**RECORDED DATA:**
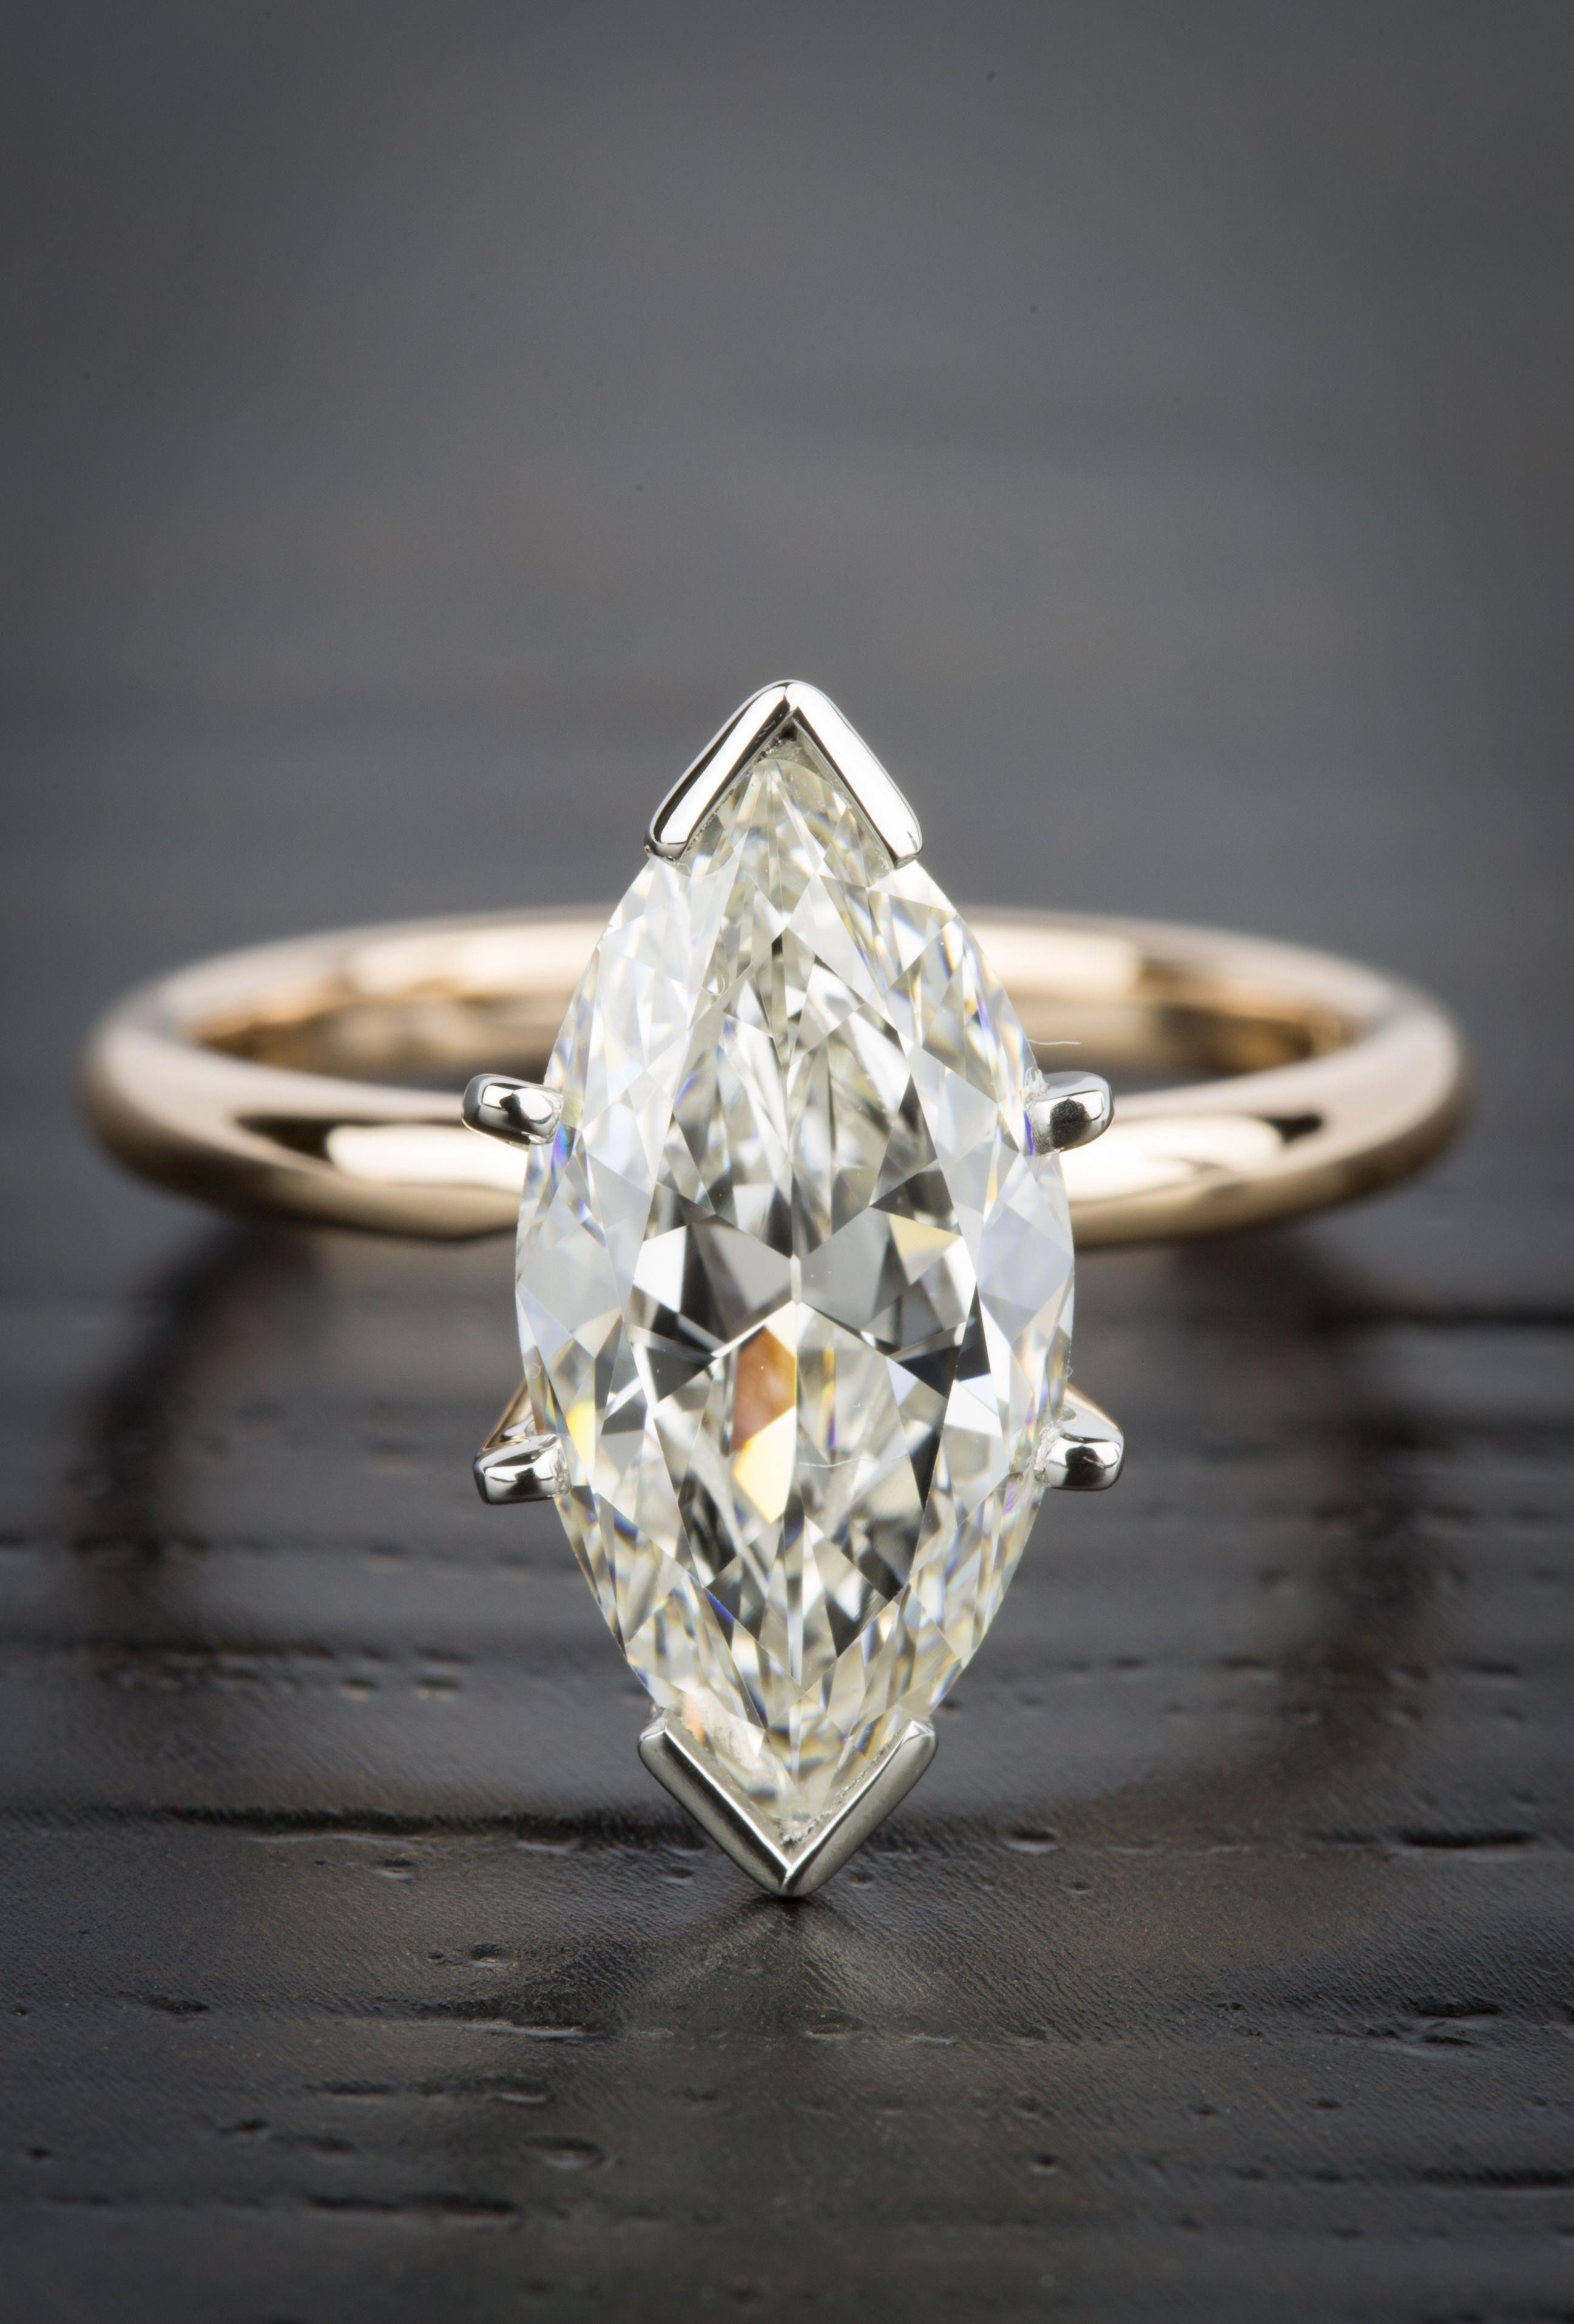 This ComfortFit Marquise Solitaire Diamond
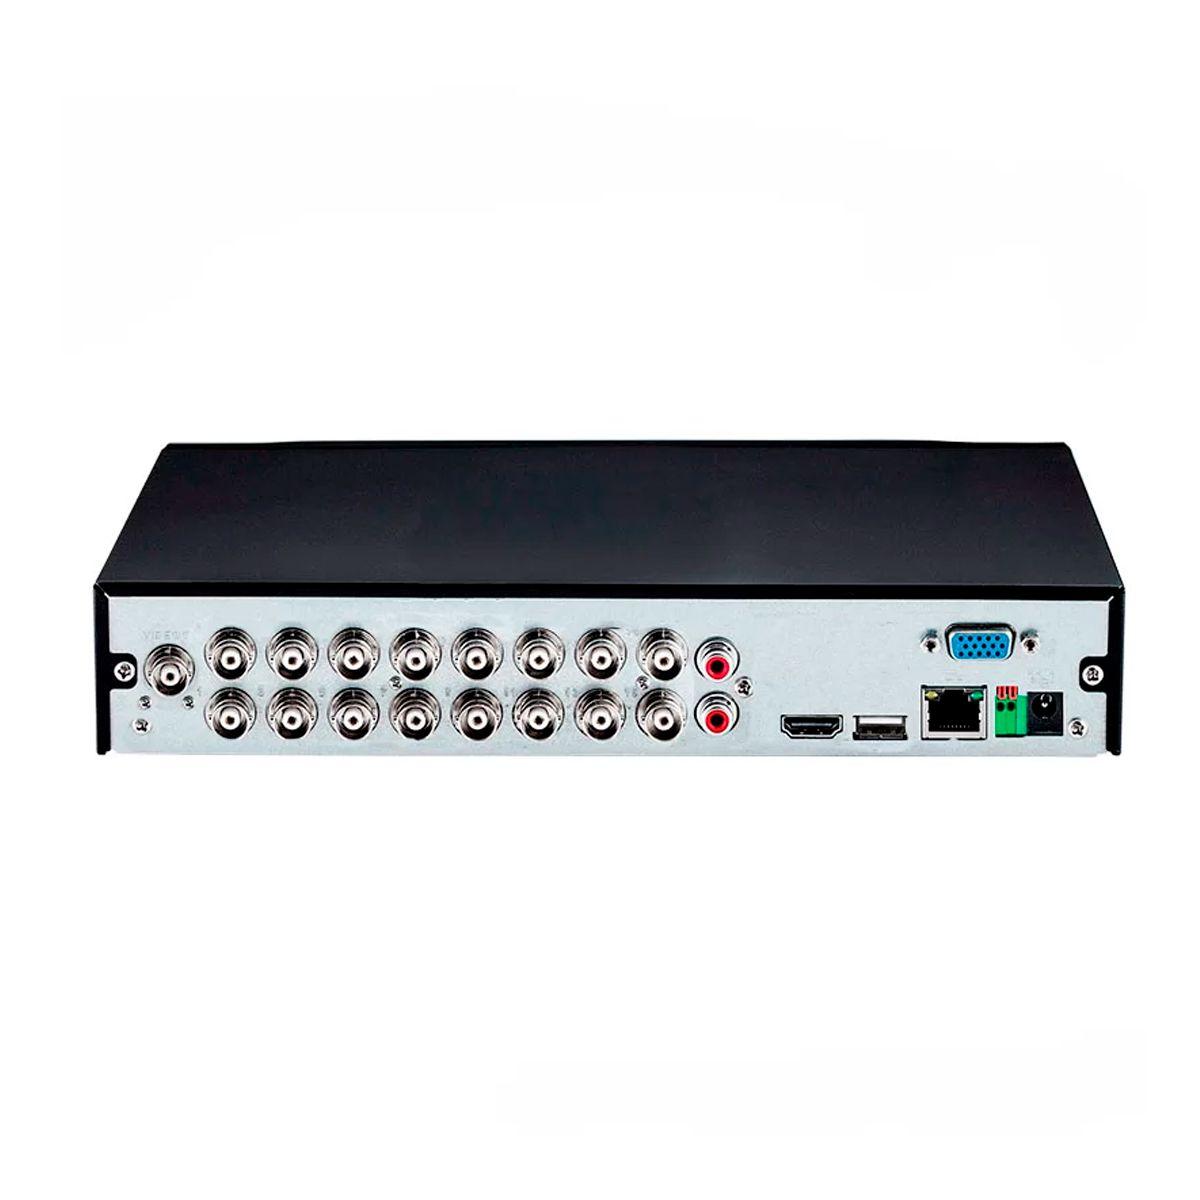 Kit 10 Câmeras VHD 1120 B G5 + DVR Intelbras + App de Monitoramento, Câmeras HD 720p 20m Infravermelho Intelbras + Fonte, Cabos e Acessórios  - Tudo Forte
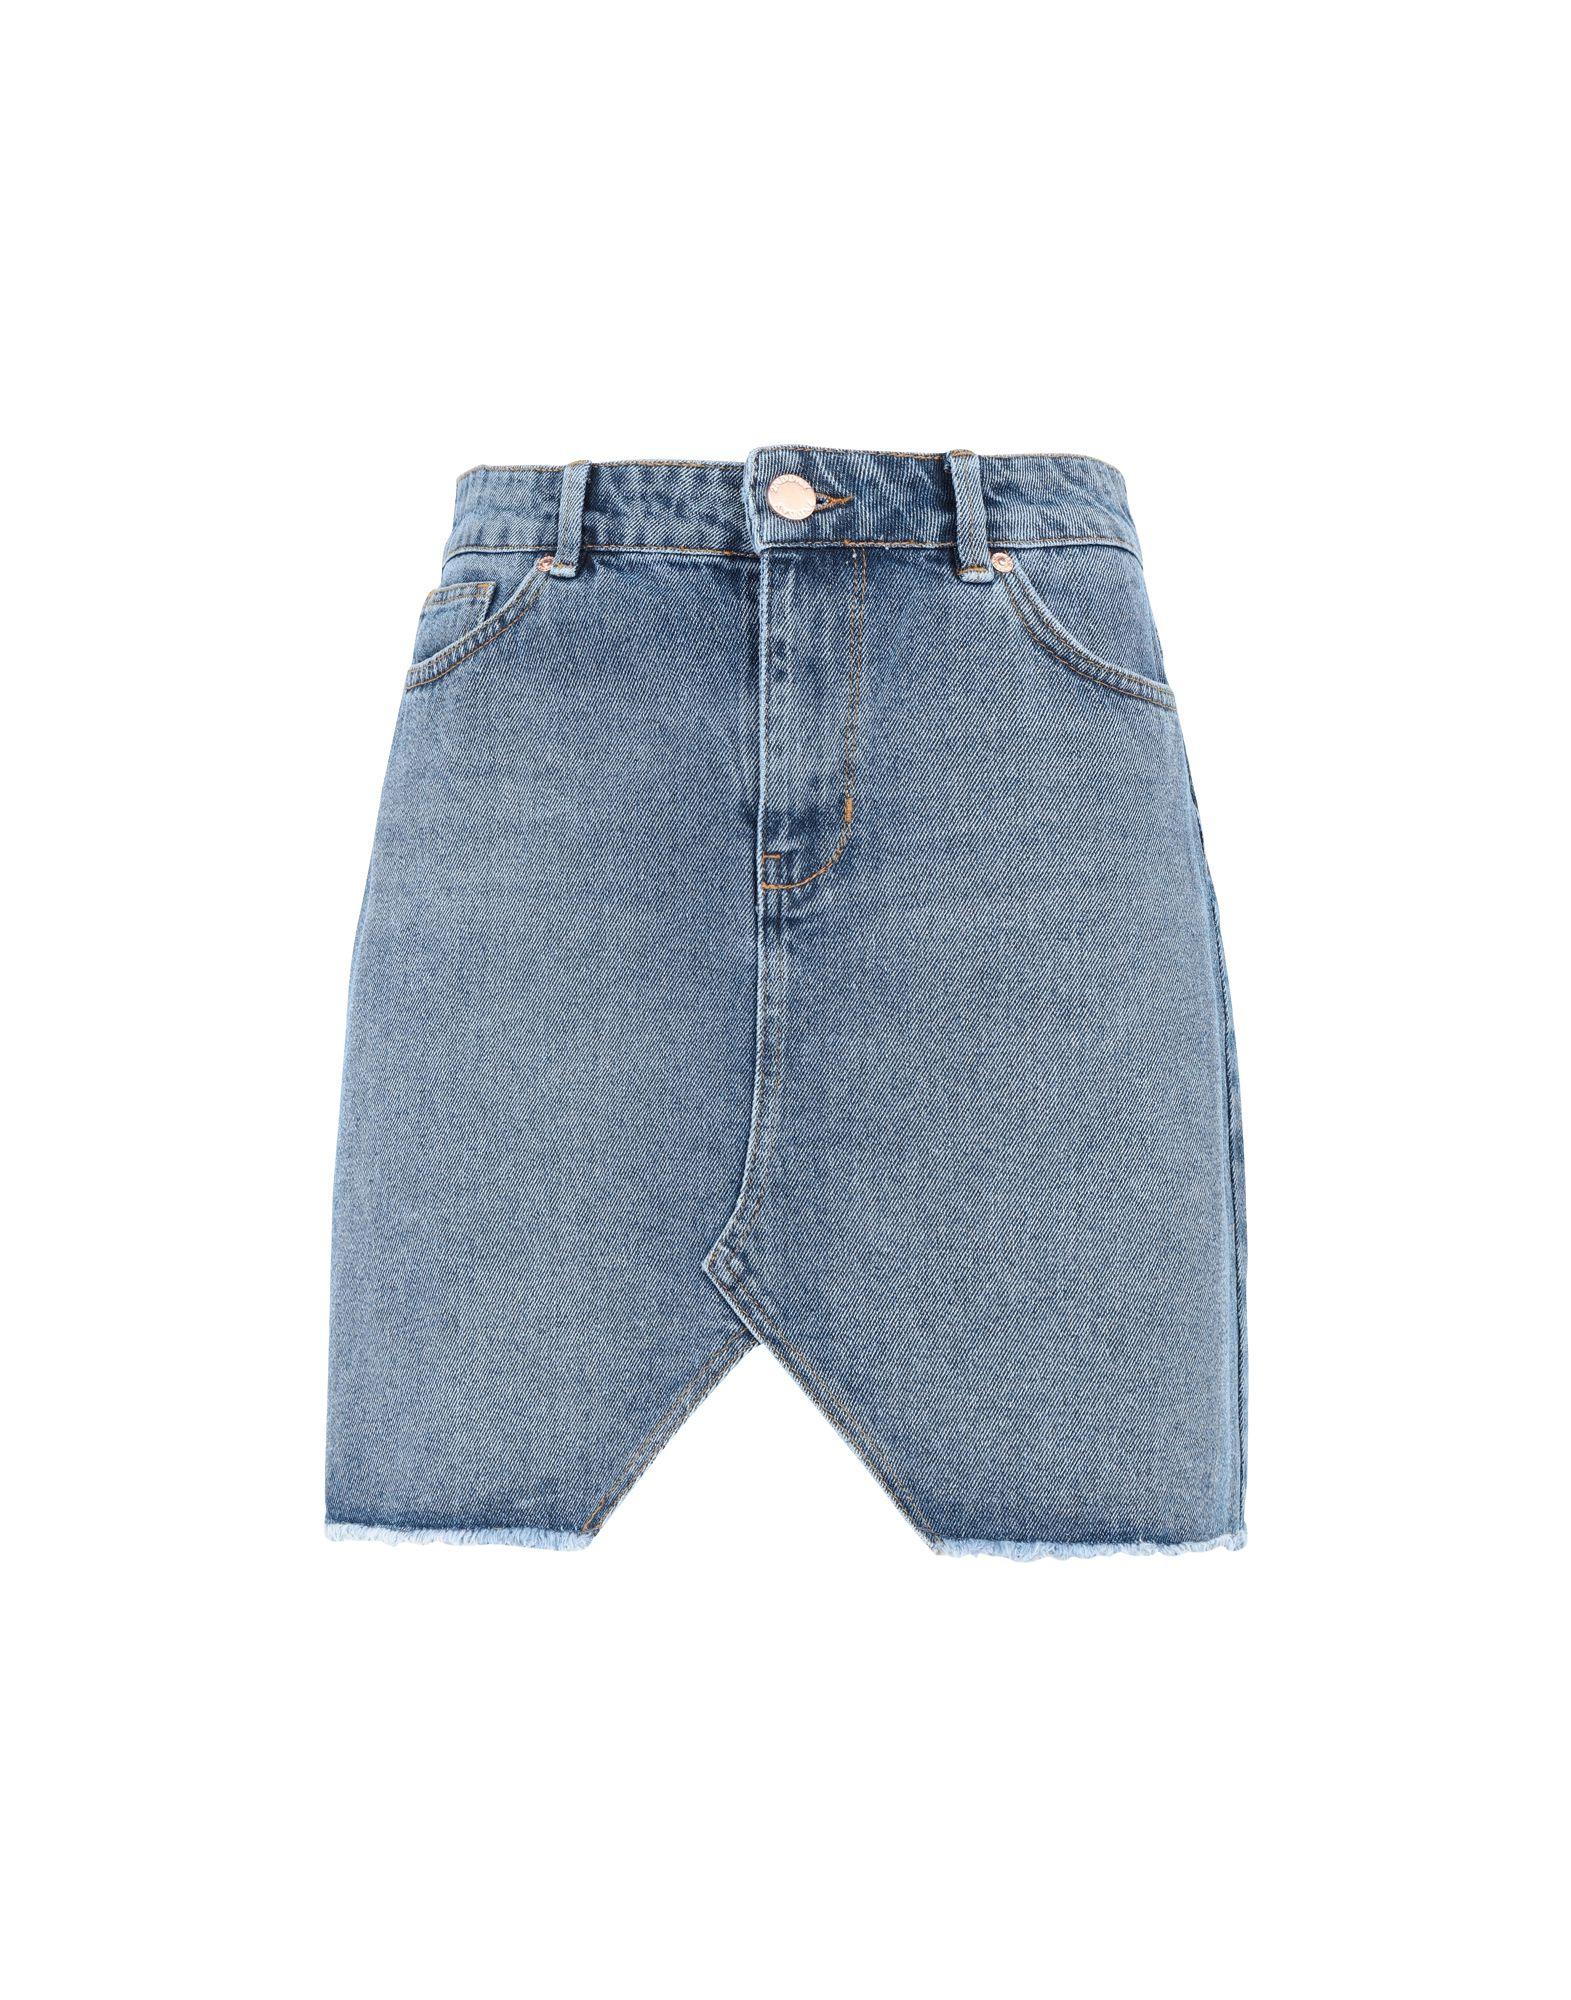 2ND DAY Джинсовая юбка

**TASK GOAL:**
Exactly as written, set down the lines from the line holding "Kit 10 Câmeras" to the last line of the data, both ends included, pictures excluded.

**YOUR RESPONSE:**
 Kit 10 Câmeras VHD 1120 B G5 + DVR Intelbras + App de Monitoramento, Câmeras HD 720p 20m Infravermelho Intelbras + Fonte, Cabos e Acessórios  - Tudo Forte
 2ND DAY Джинсовая юбка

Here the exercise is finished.